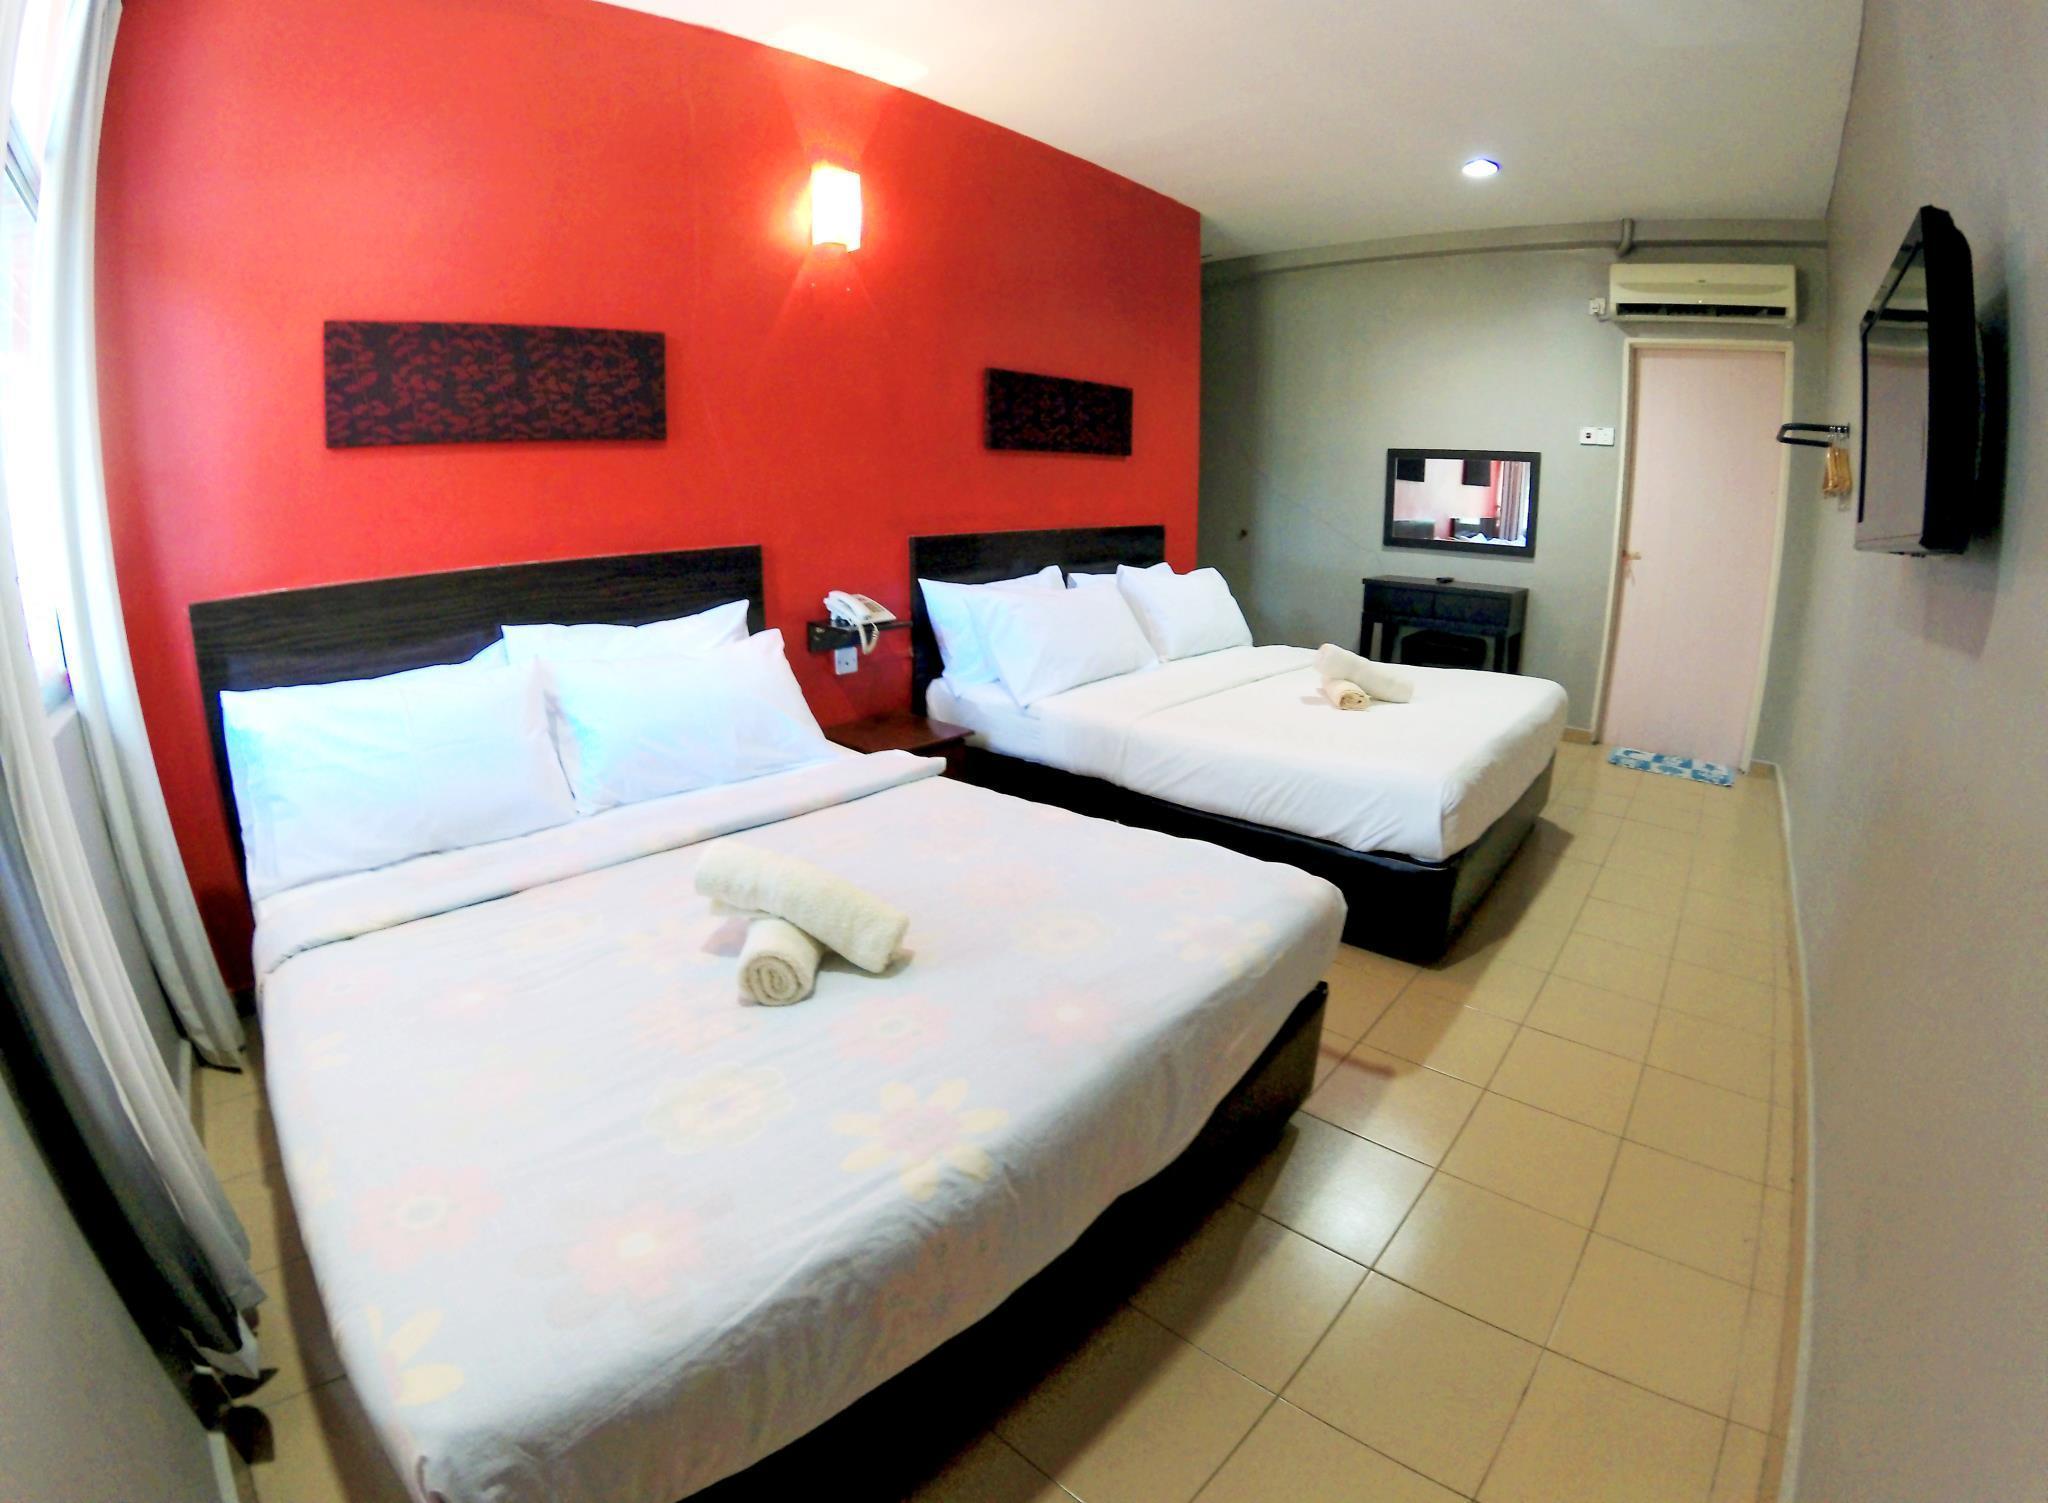 JV HOTEL @ Bandar Tasek Mutiara, Seberang Perai Selatan
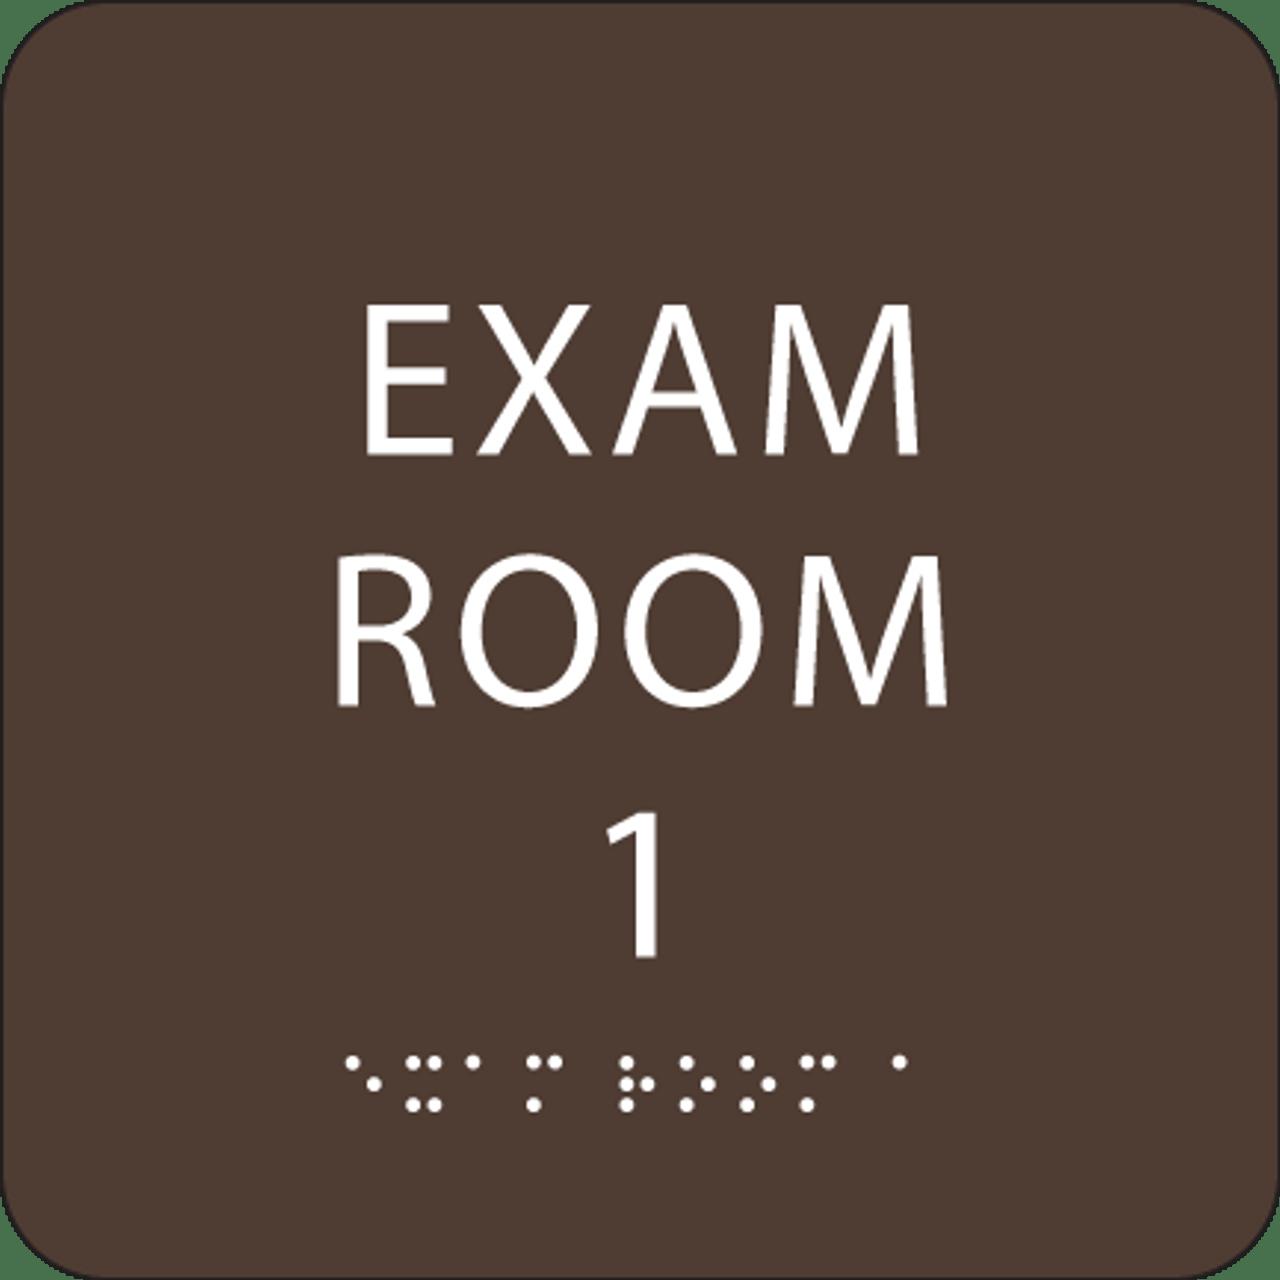 Dark Brown Exam Room 1 ADA Sign
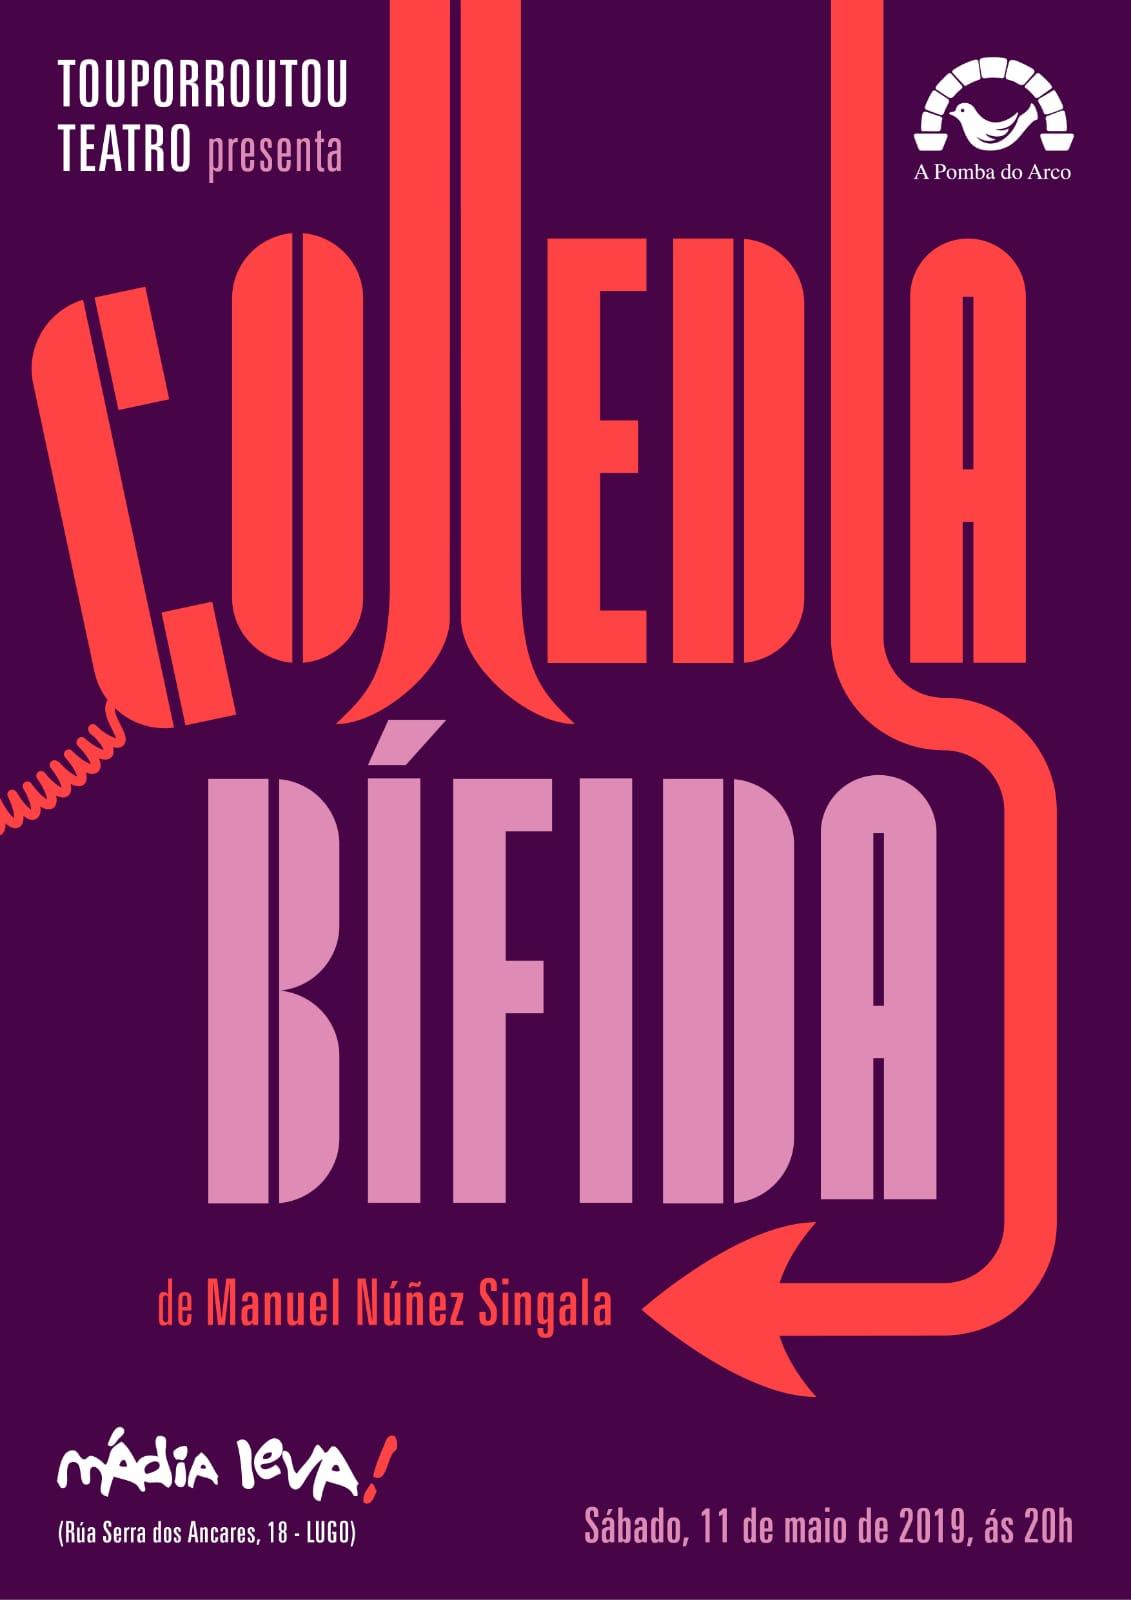 8c3109f81 Touporroutou apresenta Comedia Bífida BASENAME  o-11-de-maio-teatro DATE   Wed

******

• Problem: Output the data above verbatim, pictures excluded.

• Result for this exercise:
 JV HOTEL @ Bandar Tasek Mutiara, Seberang Perai Selatan
 Dark Brown Exam Room 1 ADA Sign
 8c3109f81 Touporroutou apresenta Comedia Bífida BASENAME  o-11-de-maio-teatro DATE   Wed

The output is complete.